Import files downloaded from various newspaper databases
Database | File type | Function |
---|---|---|
Asahi Shimbun Kikuzo | .html | import_kikuzo() |
Yomiuri Shimbun Yomidasu | .html | import_yomidasu() |
Dow Jones Faciva | .html | import_factiva() |
Nexis UK | .html | import_nexis() |
Lexis Advance | .docx | import_lexis() |
Integrum | .doc .xlsx .html | import_integrum() |
install.packages("devtools")
devtools::install_github("koheiw/newspapers")
require(newspapers, quietly = TRUE)
dat <- import_nexis("tests/data/nexis/guardian_1986-01-01_0001.html")
## Reading tests/data/nexis/guardian_1986-01-01_0001.html
pub | edition | date | byline | length | section | head |
---|---|---|---|---|---|---|
The Guardian (London) | January 31, 1986 | By JEREMY LEGGET | 1269 | Eavesdroppers who heard the guilty secrets / Covert nuclear tests by the US and Britain detected | ||
The Guardian (London) | January 31, 1986 | By VICTORIA BRITTAIN | 663 | Third World Column: Uganda tries again / National Resistance Movement takes power | ||
The Guardian (London) | January 31, 1986 | By RICHARD LAPPER | 1007 | Third World Review: A bad bisnes in Managua / Nicaragua’s black economy | ||
The Guardian (London) | January 31, 1986 | 60 | Financial News in Brief / British Government support for ICI Alcan tax case in California | |||
The Guardian (London) | January 31, 1986 | By MICHAEL SIMMONS | 401 | Minister predicts downturn in Singaporean economy | ||
The Guardian (London) | January 31, 1986 | From MARK TRAN | 350 | Aid appeal get cool reception / US Administration’s proposals to increase the foreign aid budget flounder |
The functions return datelines as character, so users should parse them
using stri_datetime_parse()
with appropriate locale and time-zone
settings.
require(stringi)
dat_en <- import_nexis("tests/data/nexis/guardian_1986-01-01_0001.html")
## Reading tests/data/nexis/guardian_1986-01-01_0001.html
dat_en$date2 <- as.Date(stri_datetime_parse(dat_en$date, "MM, dd, uuuu", tz = "GMT"))

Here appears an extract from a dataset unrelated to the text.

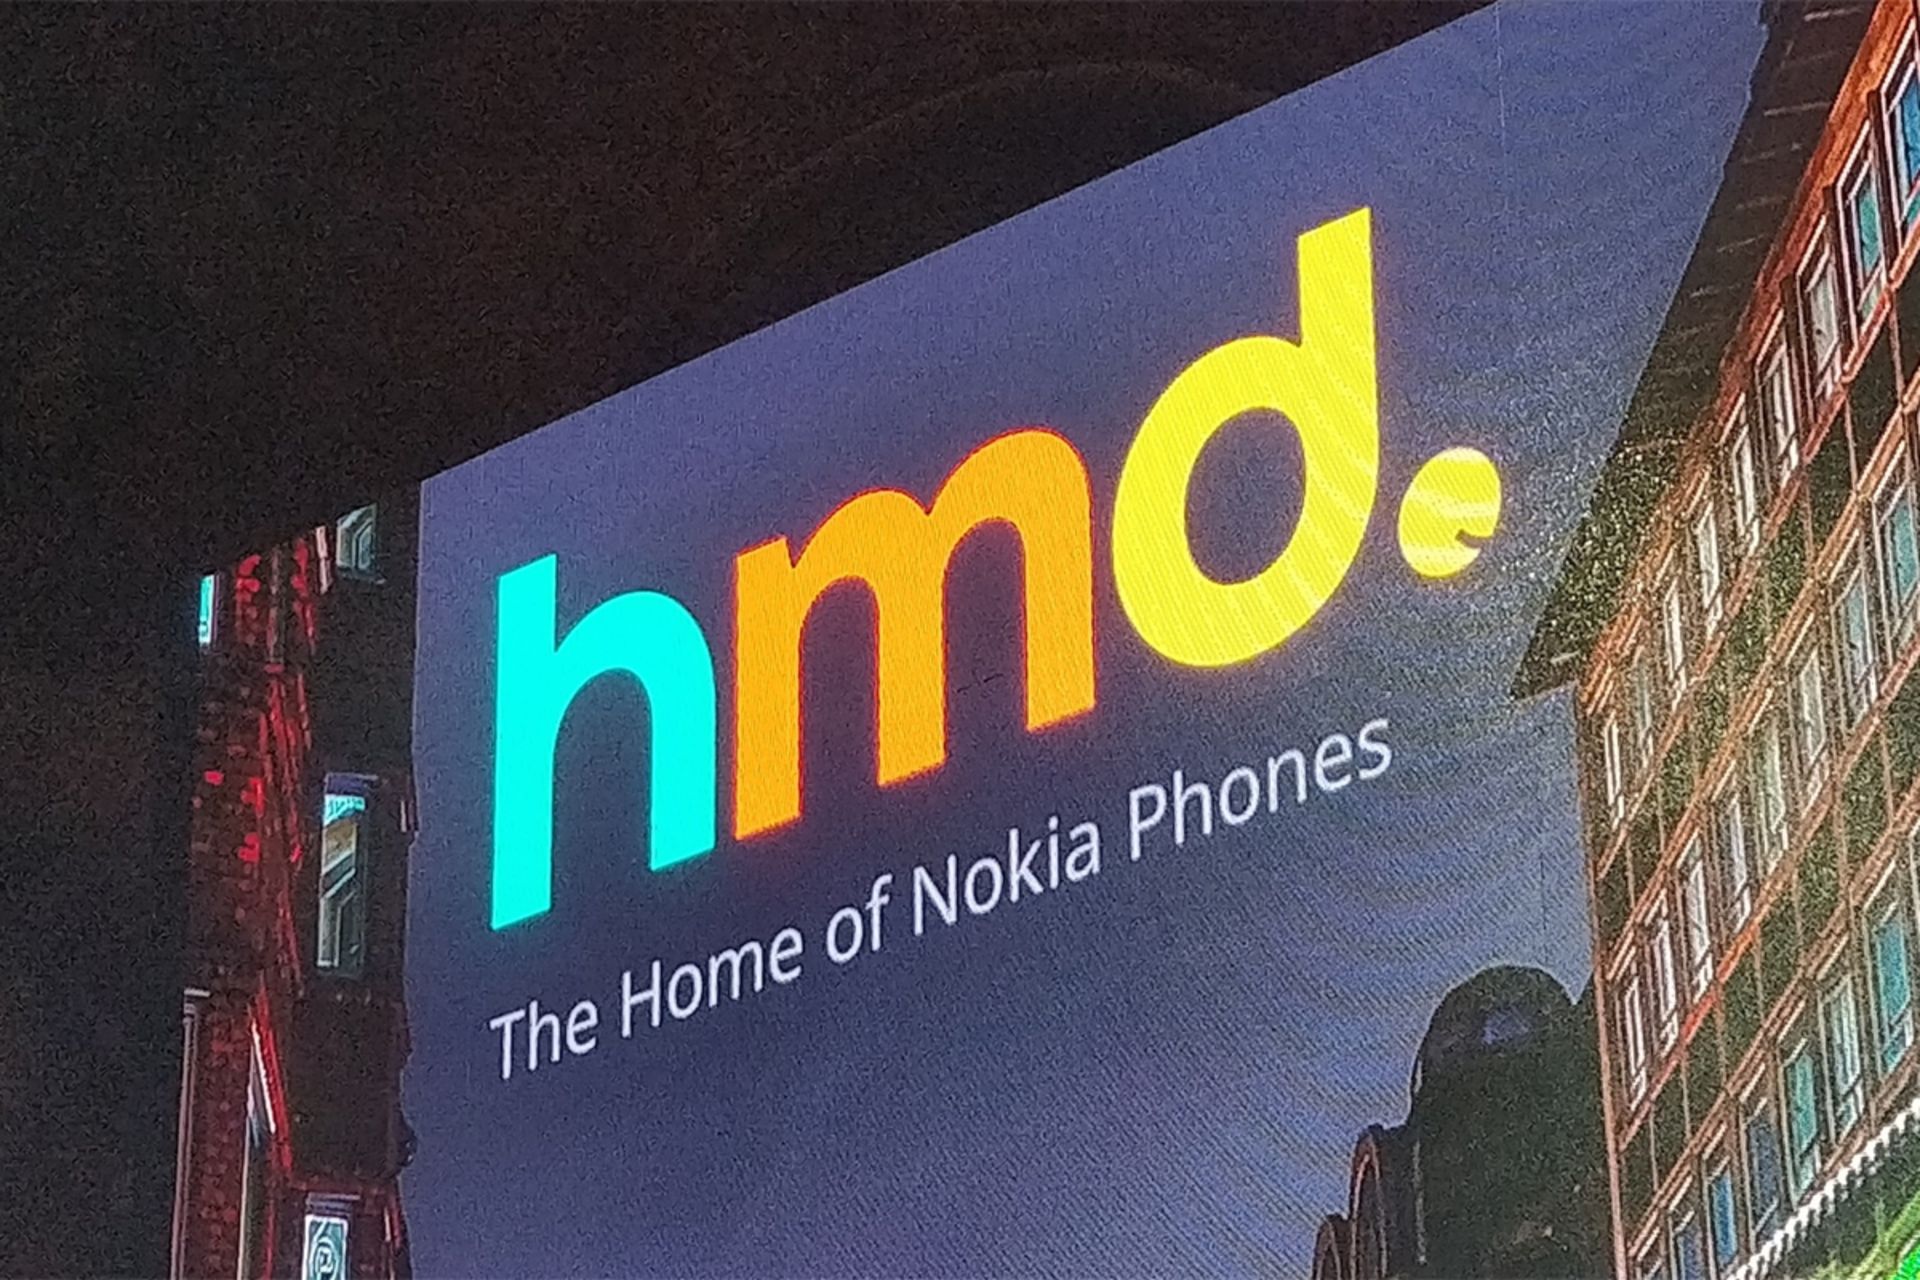 لوگو اچ ام دی گلوبال / HMD Global سازنده گوشی نوکیا / Nokia روی بنر تبلیغاتی

head(dat_en[c("date", "date2")])
## date date2
## 1 January 31, 1986 1986-01-31
## 2 January 31, 1986 1986-01-31
## 3 January 31, 1986 1986-01-31
## 4 January 31, 1986 1986-01-31
## 5 January 31, 1986 1986-01-31
## 6 January 31, 1986 1986-01-31
dat_de <- import_nexis('tests/data/nexis/spiegel_2012-02-01_0001.html')

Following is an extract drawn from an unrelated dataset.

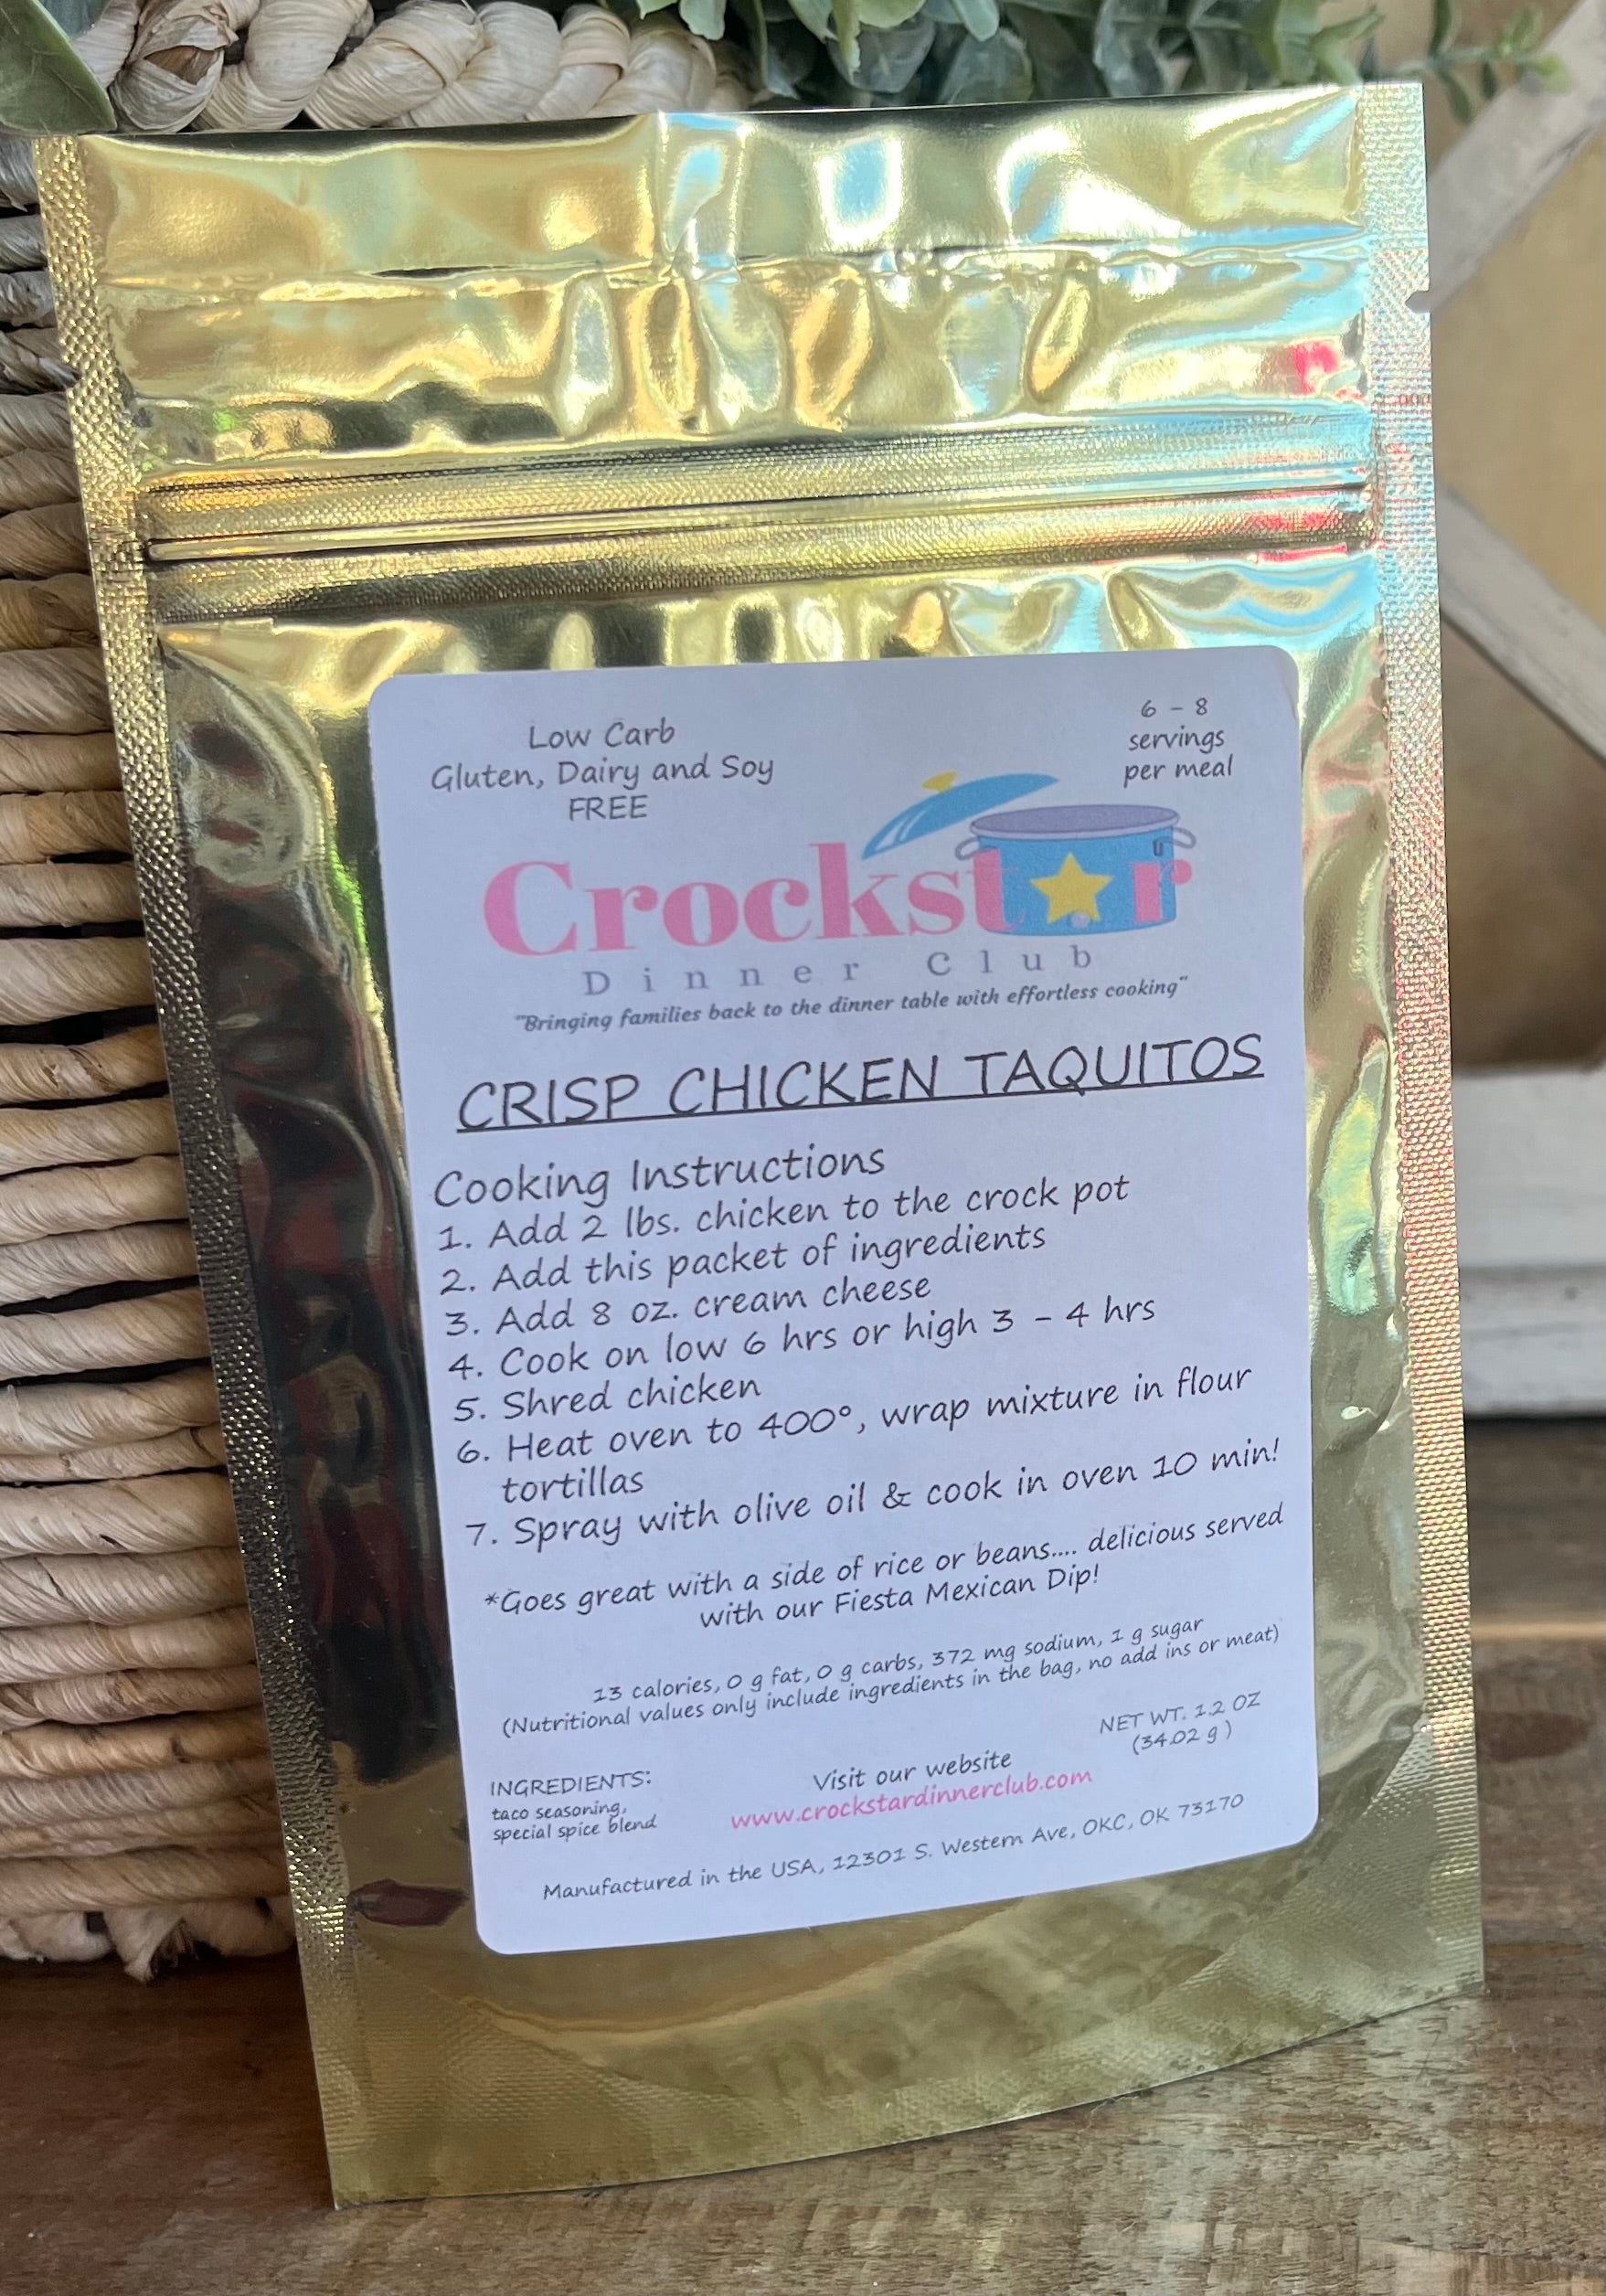 Crockstar Dinner Club - Crisp Chicken Taquitos

## Reading tests/data/nexis/spiegel_2012-02-01_0001.html
dat_de$date2 <- as.Date(stri_datetime_parse(dat_de$date, "dd. MM uuuu", tz = "CET",
locale = "de_DE"))
head(dat_de[c("date", "date2")])
## date date2
## 1 27. Februar 2012 Montag 9:50 PM GMT+1 2012-02-27
## 2 27. Februar 2012 2012-02-27
## 3 25. Februar 2012 Samstag 2:01 PM GMT+1 2012-02-25
## 4 24. Februar 2012 Freitag 9:47 AM GMT+1 2012-02-24
## 5 23. Februar 2012 Donnerstag 6:34 PM GMT+1 2012-02-23
## 6 23. Februar 2012 Donnerstag 11:49 AM GMT+1 2012-02-23
In the Kikuzo database, you can display up to 100 full-texts news articles in your browser. However, you cannot download the articles as an HTML file in a format this package can read, becasue news articles are in frames. To save the articles, you should use Firefox’s context menu “Save Frame As” (or other browsers’ equivalent) to save pages in a frame.
The Factiva database offers a button to display full-texts in a pop-up window: check all boxes, click “Format for Saving” (Floppy Disk icon) and select “Article Format”. You only need to save the HTML file in the pop-up window by “Save Page” (or press Ctrl + S).